Она высвободила руку и взяла меню. Дрожь в пальцах выдавала ее, и Алекс изо всех стиснула пластик, пытаясь среди вычурных французских названий выловить нечто похожее на обычную яичницу с беконом. Широкая, с крепкими пальцами ладонь легла на меню, она подняла голову и встретилась с его улыбкой.

— Мы, — заговорил Липаски своим восхитительным приглушенным голосом, — должны быть вместе. Несмотря ни на что. А ты как думаешь?

Она только разинула рот, не в состоянии издать ни звука.

Его губы скривились в легкой усмешке.

— Прости, что не сказал тебе раньше. Я люблю тебя, Алекс.

— Ты… что?

— Я тебя люблю. — Отпустив меню, он откинулся на спинку стула и взял кофе. — Попробуй яйца по-бенедиктински. Это неплохо.

Она хотела попросить его повторить еще раз, но передумала. Просто сидела и смотрела на него, а его глаза жадно впитывали в себя ее лицо. Это было страшно. Страшно, как Габриэль Дэвис, нависший над нею во мраке, как тот микроскопический клубочек вируса, который бродит в крови Сюзен Истфилд и, не исключено, в ее собственной. Этот краткий тихий момент истины…
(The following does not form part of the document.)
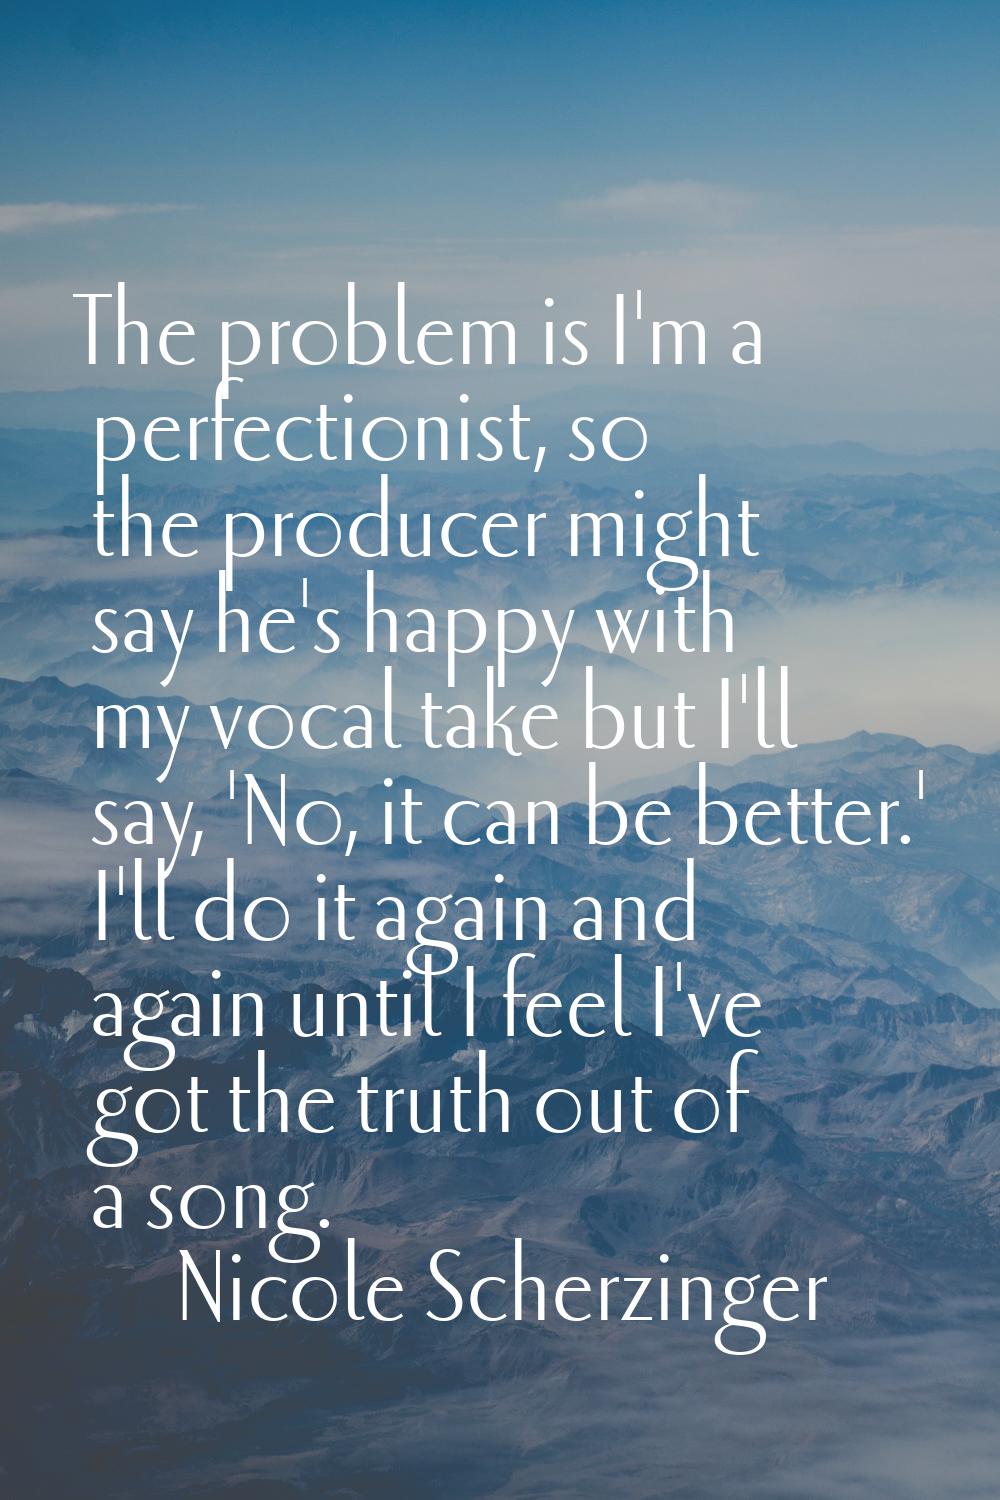 The problem is I'm a perfectionist, so the producer might say he's happy with my vocal take but I'l

Она слишком долго была одна.

— Хорошо. — Единственное слово, которое она смогла выдавить.

Он понимающе кивнул, и она почувствовала, как губы невольно расплываются в улыбке. Это тоже было незнакомо и пугающе, но рискнуть стоило.

Подошел официант. Она заказала яйца по-бенедиктински.

В холле внезапно возникла суета. Появились служащие отеля с бледными лицами, какой-то мужчина в длинном плаще, по виду либо управляющий, либо местный охранник. Алекс отклонилась в сторону, чтобы лучше видеть. Беготня, беспокойство. Какой-то мужчина испуганно звонил по телефону.

— Что-то случилось, — сказала Алекс.

Липаски обернулся и моментально оценил ситуацию.

— Подожди.

Он выскользнул из кресла и ухватил проходившую мимо сотрудницу отеля, сунув ей под нос жетон чикагской полиции. На ее лице мелькнуло непонятное облегчение. Судя по всему, Липаски хватило одной фразы, чтобы понять, что произошло, потому что он отпустил женщину и вернулся за столик. Лицо его не изменилось, но Алекс почувствовала, что он весь напрягся.

— В чем дело?

— Выстрелы. Черт побери, на десятом этаже! Нет, ты сиди здесь и никуда не ходи. Я поднимусь и посмотрю, что там. Гляди по сторонам и не выпускай из виду официанта. Если кто-нибудь попытается тебя утащить, ори как резаная и вались на пол. Она не сможет тебя протащить волоком по всему холлу.

— Она сможет пустить мне пулю в лоб, — заметила Алекс.

— Нет, пока я рядом.

Но в следующий момент его уже не было. Он бежал к лифтам, на удивление энергично для своей комплекции. Алекс и не подозревала, что у него под пиджаком оружие, но сейчас он уже держал в руке внушительных размеров пистолет. Она положила сумку на колени и нащупала револьвер.

Энтони исчез в лифте. Подошел официант, спросил, не желает ли она еще кофе.

— Нет, — сказала Алекс и схватила его за руку. Похоже, он был несколько шокирован такой вольностью. — Послушайте, постойте со мной, ладно? Возникли проблемы, и если кто-то захочет на меня напасть, мне будет нужна помощь.

— Но, мисс… — Алекс мысленно договорила за него окончание фразы: "Мне за это не платят". Запустив руку в сумку, она вынула пять сотенных купюр и не слишком благоразумно выложила их на столик.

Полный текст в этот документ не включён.